An immunogenic personal neoantigen vaccine for patients with melanoma

Abstract

Effective anti-tumour immunity in humans has been associated with the presence of T cells directed at cancer neoantigens, a class of HLA-bound peptides that arise from tumour-specific mutations. They are highly immunogenic because they are not present in normal tissues and hence bypass central thymic tolerance. Although neoantigens were long-envisioned as optimal targets for an anti-tumour immune response, their systematic discovery and evaluation only became feasible with the recent availability of massively parallel sequencing for detection of all coding mutations within tumours, and of machine learning approaches to reliably predict those mutated peptides with high-affinity binding of autologous human leukocyte antigen (HLA) molecules.
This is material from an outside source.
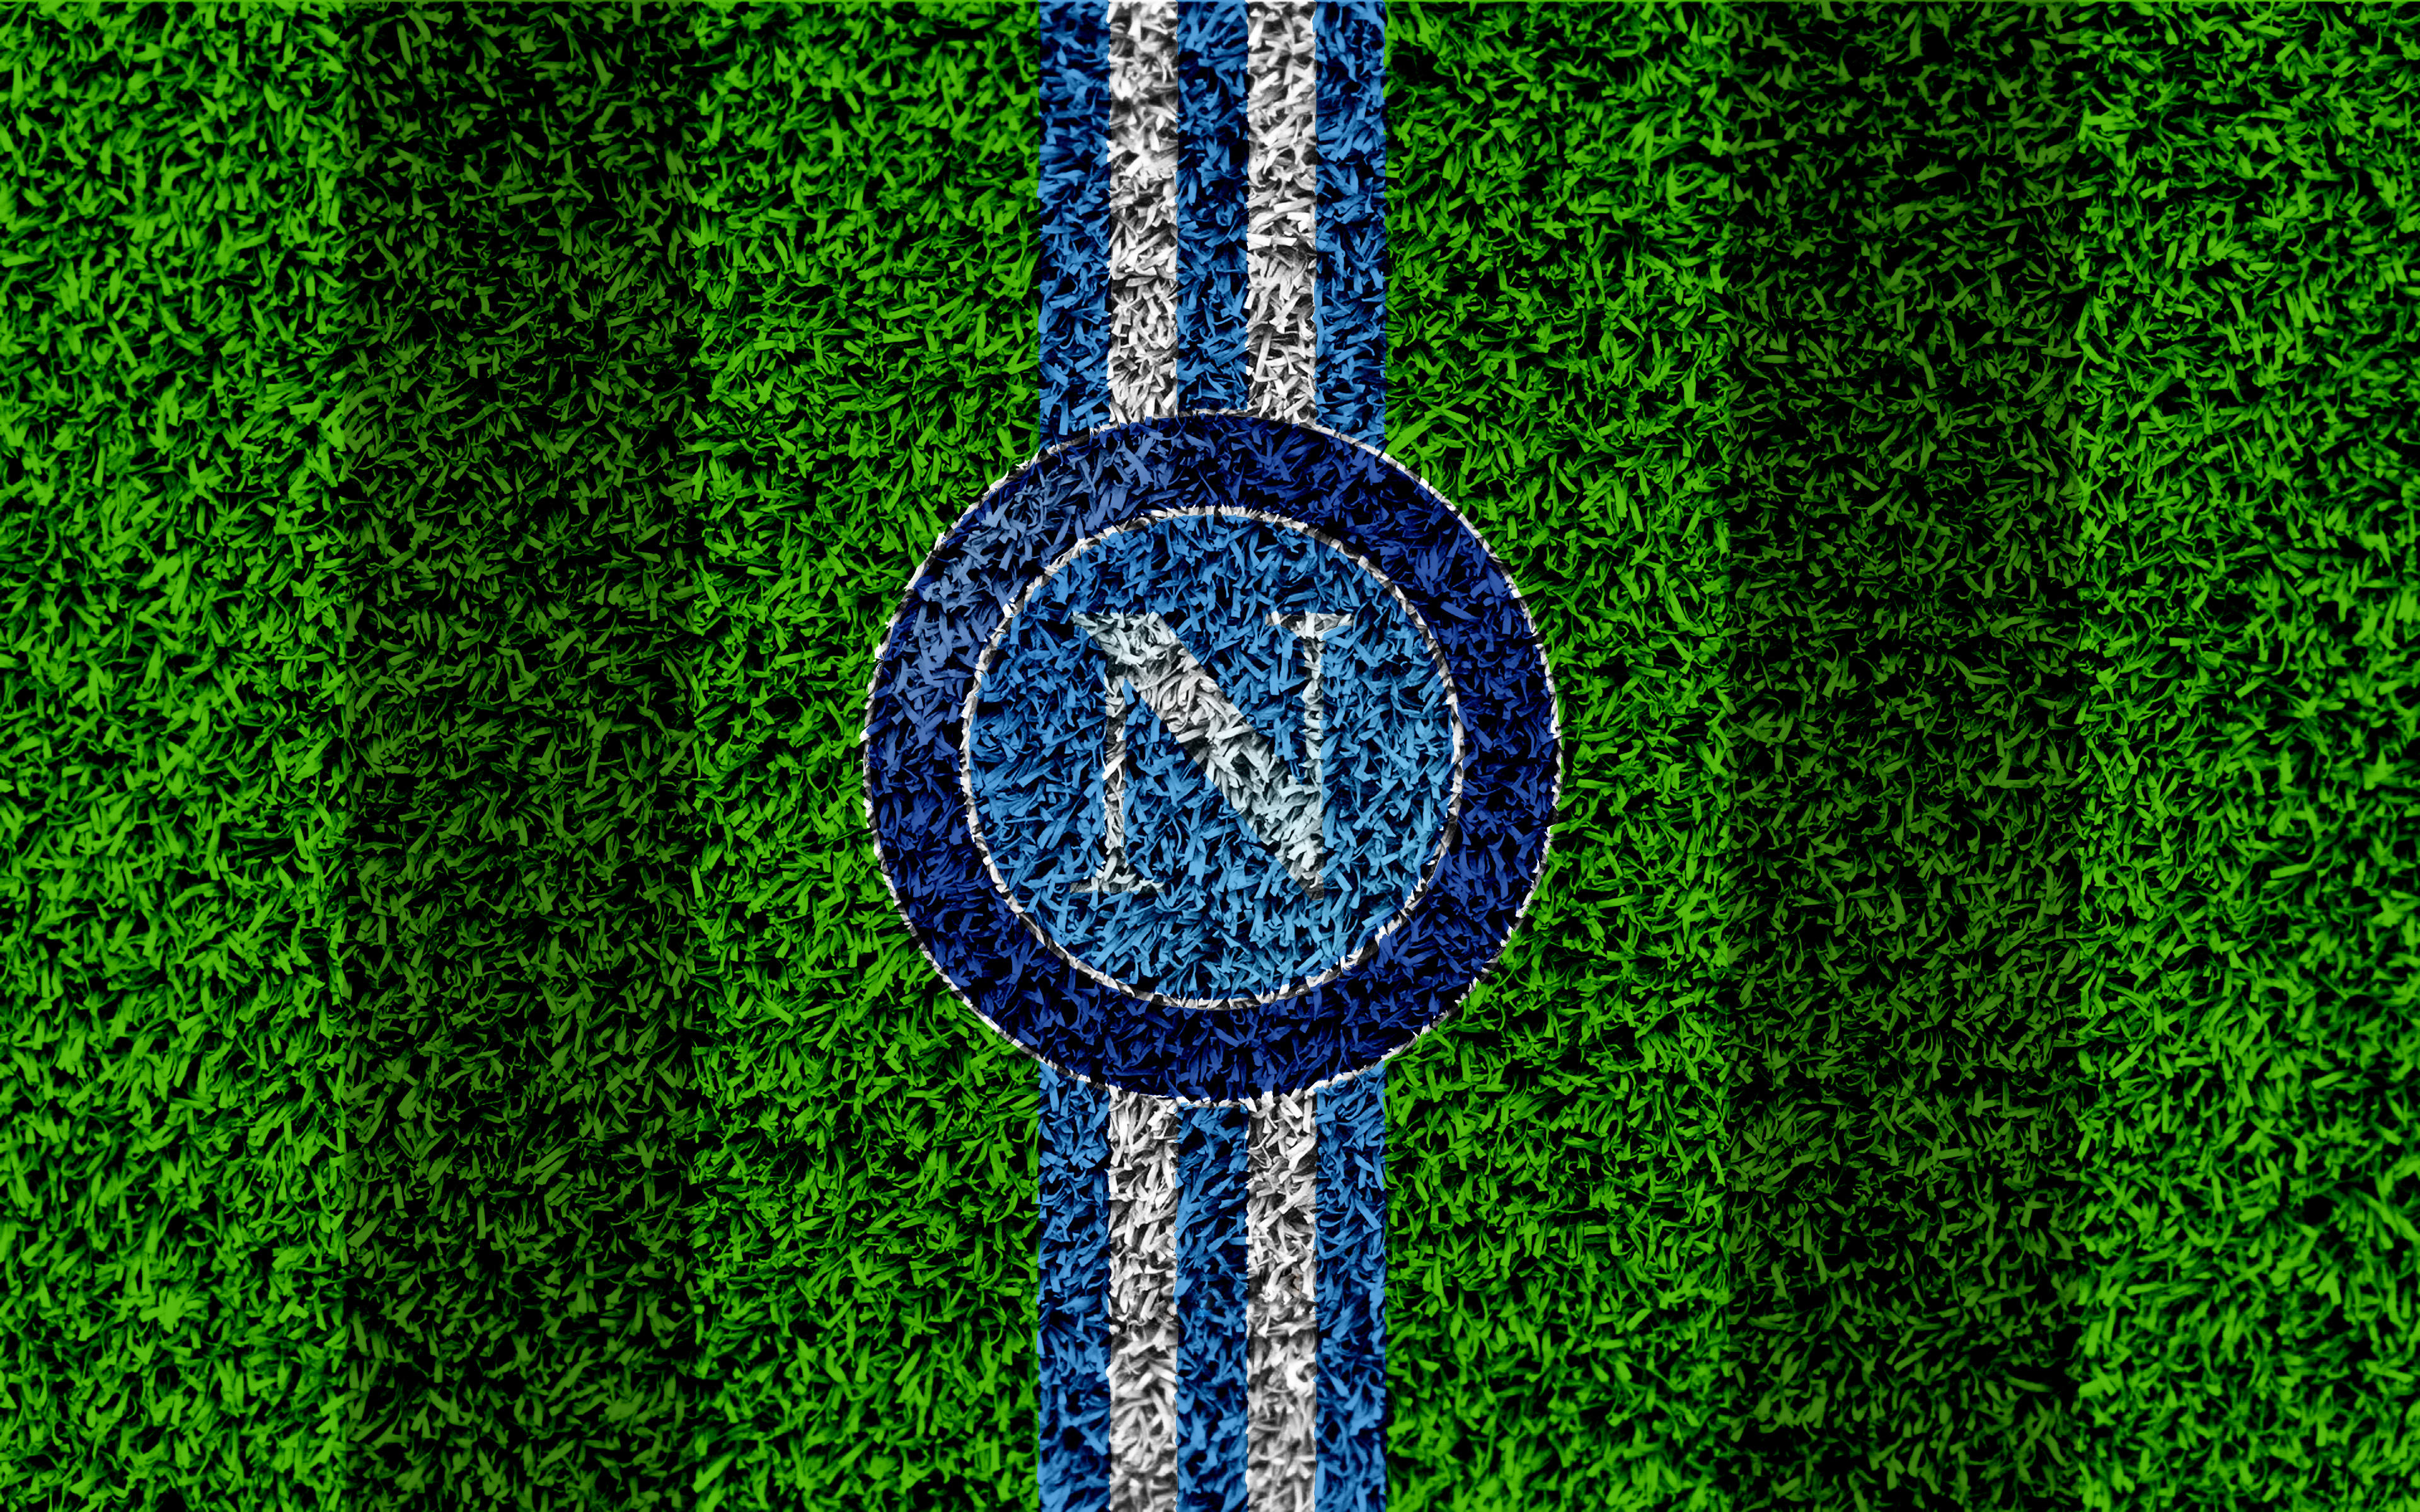 Logo S S C Napoli Soccer 3840x2400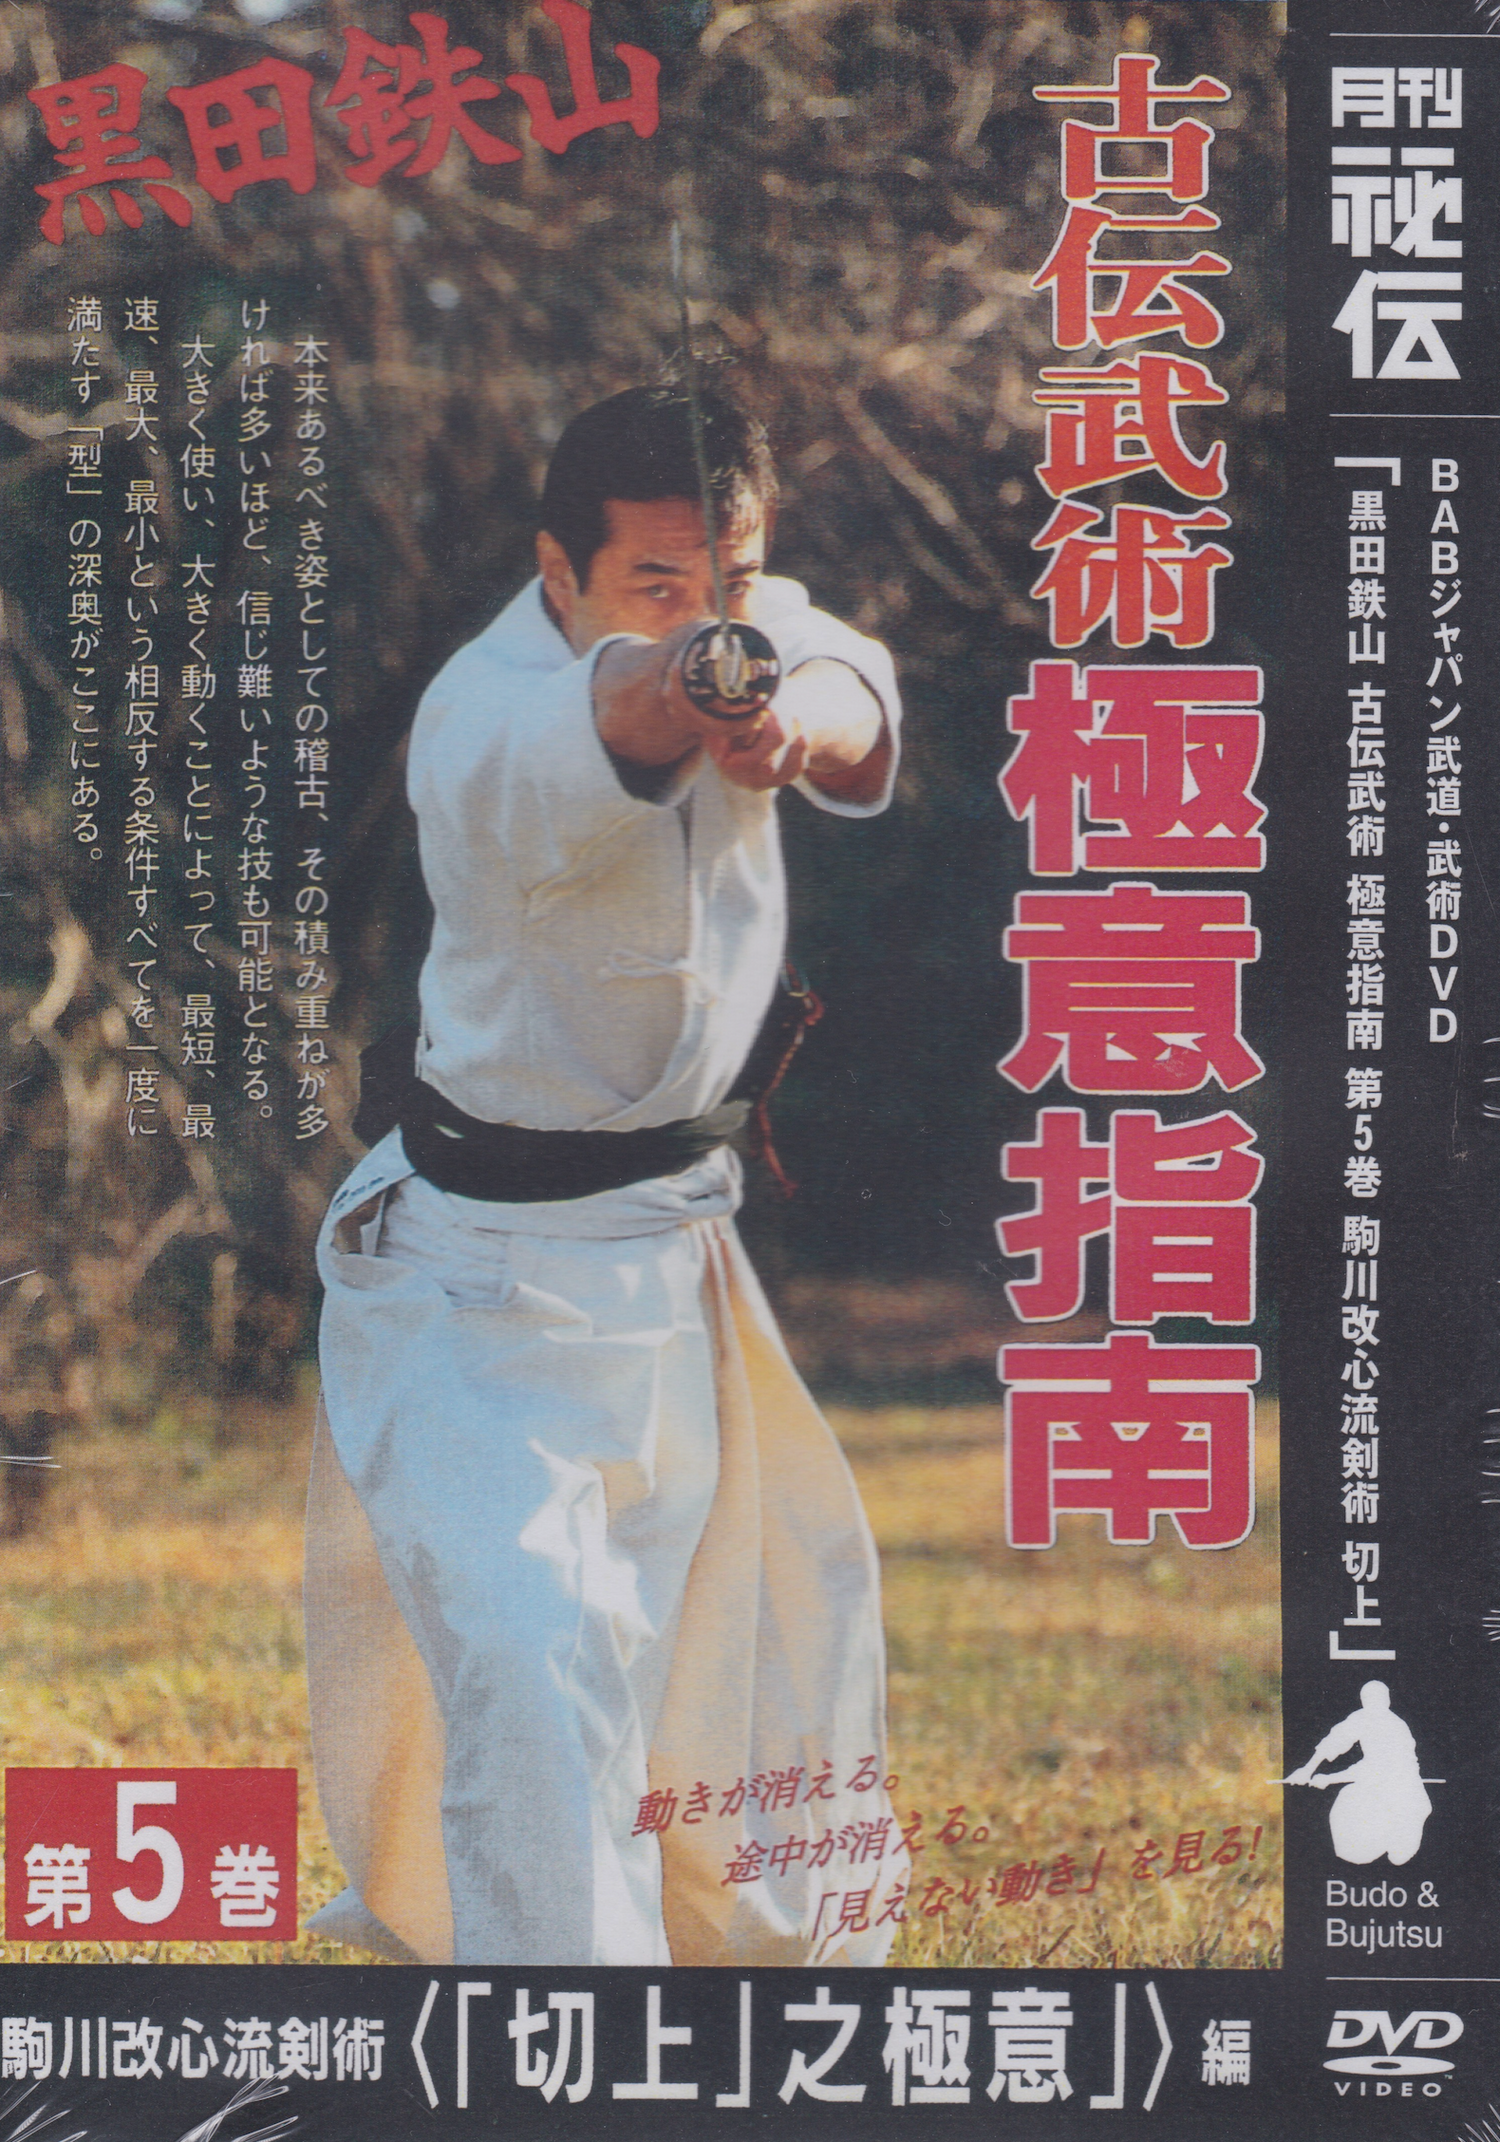 黒田鉄山 5: 剣術DVD

We hypothesized that vaccination with neoantigens can both expand pre-existing neoantigen-specific T-cell populations and induce a broader repertoire of new T-cell specificities in cancer patients, tipping the intra-tumoural balance in favour of enhanced tumour control. Here we demonstrate the feasibility, safety, and immunogenicity of a vaccine that targets up to 20 predicted personal tumour neoantigens. Vaccine-induced polyfunctional CD4⁺ and CD8⁺ T cells targeted 58 (60%) and 15 (16%) of the 97 unique neoantigens used across patients, respectively. These T cells discriminated mutated from wild-type antigens, and in some cases directly recognized autologous tumour. Of six vaccinated patients, four had no recurrence at 25 months after vaccination, while two with recurrent disease were subsequently treated with anti-PD-1 (anti-programmed cell death-1) therapy and experienced complete tumour regression, with expansion of the repertoire of neoantigen-specific T cells. These data provide a strong rationale for further development of this approach, alone and in combination with checkpoint blockade or other immunotherapies.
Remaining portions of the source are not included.